Harper greedily asks Joe for his credit cards, however--proof that she's not entirely ready to live on her own. Evidently, Kushner doesn't try to glorify Harper's decision--she's brave, but not perfect.

Epilogue Quotes

This disease will be the end of many of us, but not nearly all, and the dead will be commemorated and will struggle on with the living, and we are not going away. We won't die secret deaths anymore. The world only spins forward. We will be citizens. The time has come.

Related Characters: Prior Walter (speaker)
Page Number: 290
Explanation and Analysis:

In the Epilogue to the play, Prior speaks directly to the audience. He claims that he's been living with AIDS for several years now, and doesn't know how much longer he's going to last.

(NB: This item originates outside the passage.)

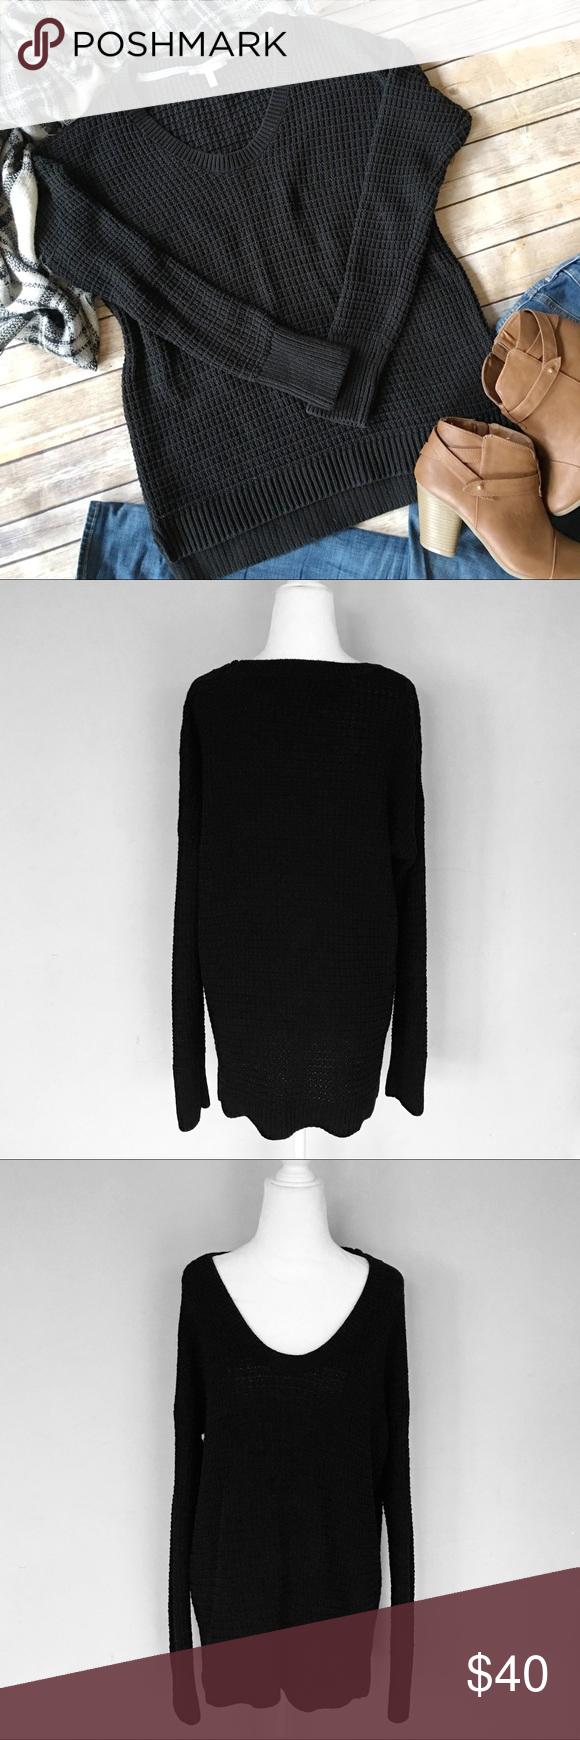 Victoria's Secret Oversized Black Sweater
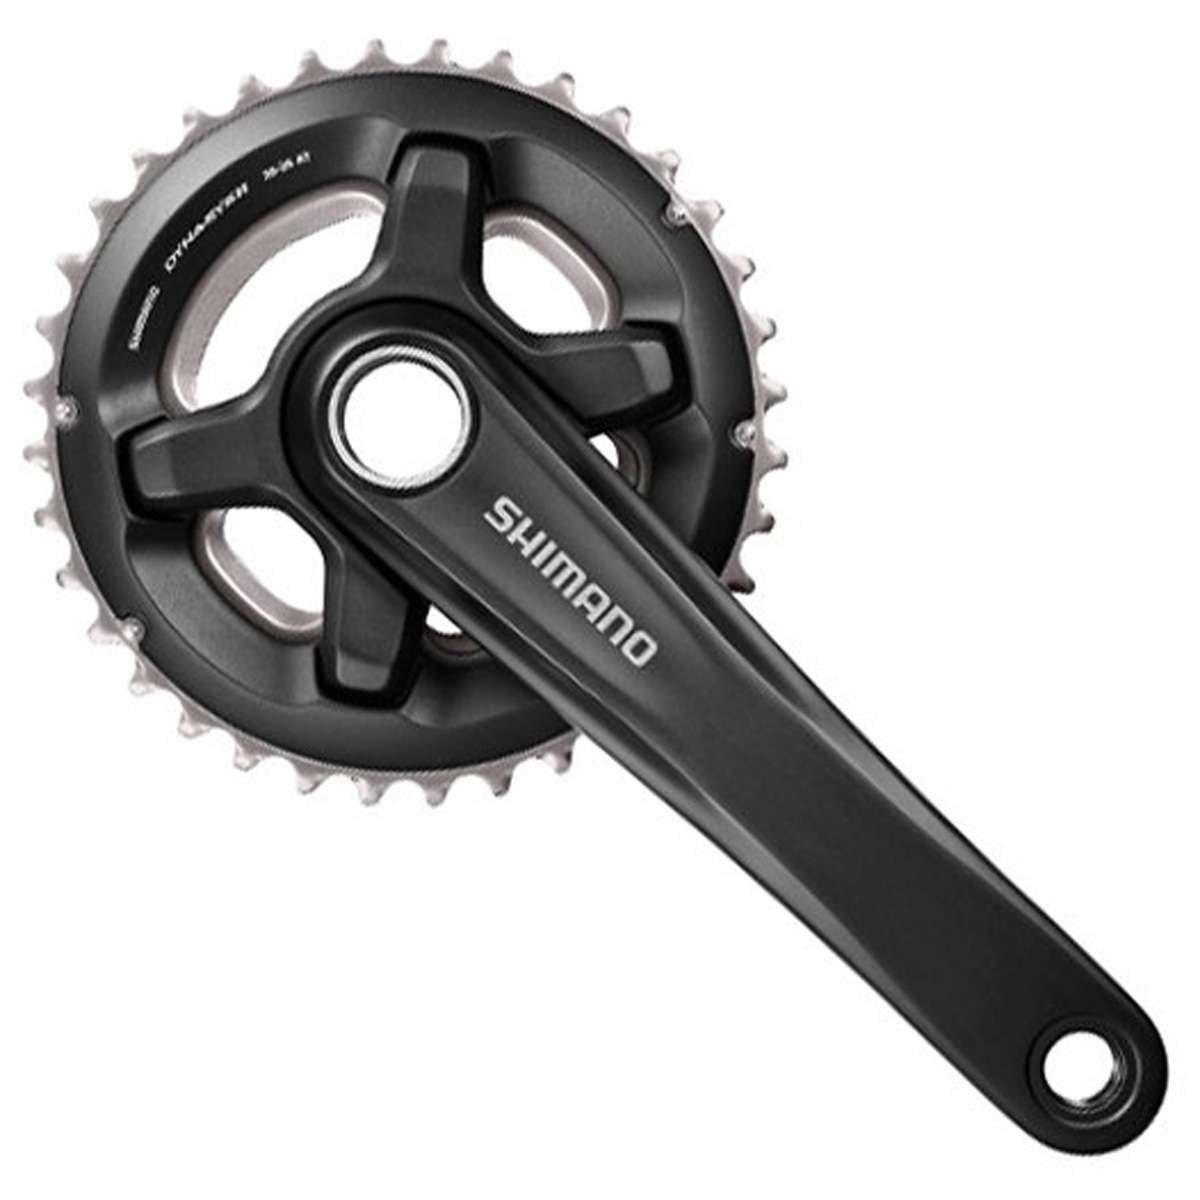 Shimano fc-mt700-b2 11-speedマウンテン自転車クランクセット B06Y145Y4M 170MM, 36X26T

And yet Prior refuses to cower before the possibility of death. Instead, he speaks out--bravely and boldly--about his condition and his sexuality.

By having Prior speak directly to the audience (in an homage to the theater of Bertolt Brecht), Kushner suggests the political ramifications of his play. Kushner wants to use his play to make political points and provoke political engagement in the audience. Prior seems to urge the audience to go out and fight for AIDS research and homosexual rights--a mandate that many fans of the play have taken up. At the same time, Prior's speech seems to sum up many of the play's key themes. Prior has no idea what the future holds, but in spite of his uncertainty, he looks forward to the future with a cautious optimism. In the meantime, Prior will not hide behind fantasy or delusion. Instead, he will be a citizen--he and the other members of the gay community will use political methods to fight for themselves and their allies.